Commonly reported symptoms of a twisted bowel include:
- Nausea/vomiting: Severity that serious cases of twisted bowel can inflict on a person can lead to feelings of nausea and vomiting.
- Dehydration: Having a twisted bowel will eventually lead to passing watery diarrhea. If fluids aren’t replaced in a timely fashion, dehydration will soon set in.
- Abdominal distension: When a patient experiences prolonged cases of twisted bowel, it may lead to inflammation or distension. Abdominal distention can also be caused by constipation or a problem with passing gas. Those affected will often also experience tenderness of the abdominal region.
- Pain: A common symptom and often represents a restriction of blood flow to a bowel segment. Pain may be experienced differently from patient to patient with cramps also being part of the presentation. Bowel pain due to volvulus may cause sudden spasms and contraction of muscles.
- Fever: Often a consequence of serious volvulus and inflammation.
- Malnutrition: Twisting of the bowel will not allow food to pass through the intestines in an efficient manner. This is will for vitamins and nutrients found in food to be inadequately absorbed.
- Lack of appetite: Those with volvulus tend to lose their desire to eat due to their abdominal symptoms.
Diagnosing and treating twisted bowels
Having a twisted bowel will often present with the symptoms mentioned. While not all of these signs may be seen in your case, the symptoms you present to the doctor with will point to some abnormality occurring within your abdominal cavity, prompting further investigation.
The first order of business will often include ruling out any secondary causes such as a previous abdominal surgery causing adhesions or the use of any substances that affect bowel physiology. Once a cause is suspected, imaging tests will be implemented to get a better idea of how the bowel looks. Possible testing includes:
- Stool analysis
- Barium enema
- Computed tomography (CT)
- Magnetic resonance imaging (MRI)
In mild, non-bowel-strangulation cases of twisted bowel, a person may be given conservative management, as it is possible over time for the bowel to move back into its normal position. This may include diet modification, colon cleansing/irrigation, and regular exercise
An emergency sigmoidoscopy or colonoscopy for decompression of the volvulus may also be utilized if the case permits it. occasionally, pressure from introduced air into the bowels can reduce the twisted bowel. This procedure is successful in more than 90 percent of patients with sigmoid volvulus, but only 10 to 15 percent successful in those with fecal volvulus.

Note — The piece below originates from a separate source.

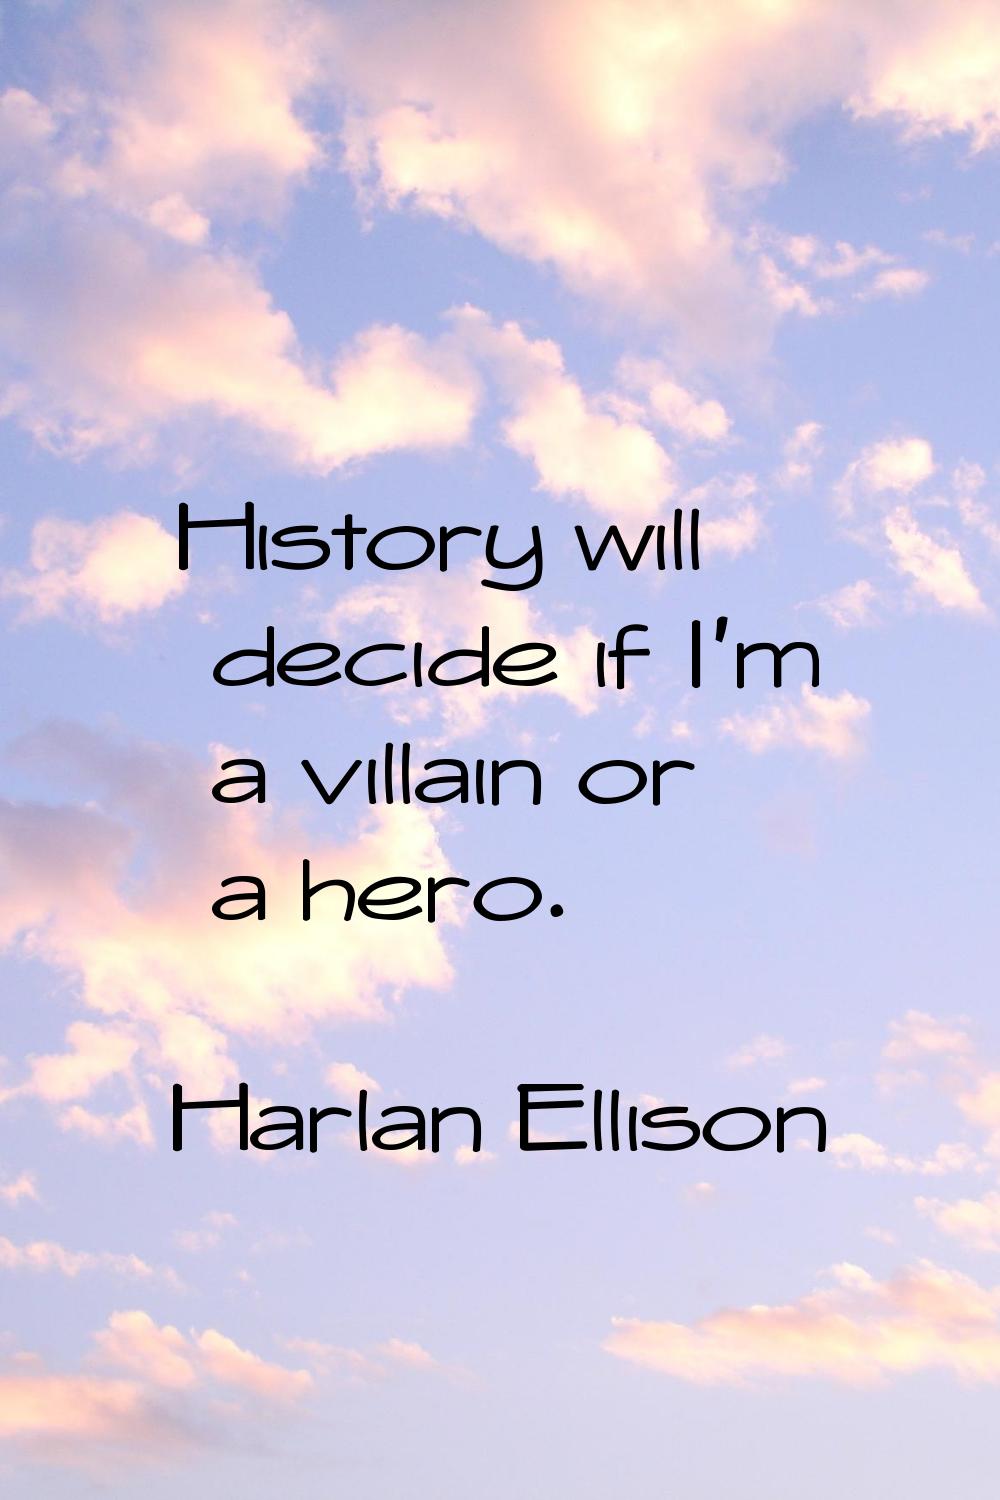 History will decide if I'm a villain or a hero.

Serious cases of volvulus will require surgery and are considered the best option for treating and preventing the possibility of bowel strangulation. Sugary often involves straightening the bowel so that it will return to its normal state. Cases where tissue death has already occurred will result in a complete or partial bowel resection.
Prognosis of volvulus
Waiting too long in diagnosing and treating various types of volvulus is associated with poor outcomes or even death. It is estimated that 30 to 40 percent of delayed fecal volvulus conditions result in death. Even when volvulus is adequately treated with endoscopic decompression and surgical resection, mortality is in the range of 12–15 percent, according to various studies. As many as 50 percent of patients who undergo endoscopic decompression alone experience recurrence. Endoscopic decompression alone for sigmoid volvulus is seen to carry a recurrence rate of 40-50, with a mortality of 25-30 percent after surgical treatment of the recurrent volvulus.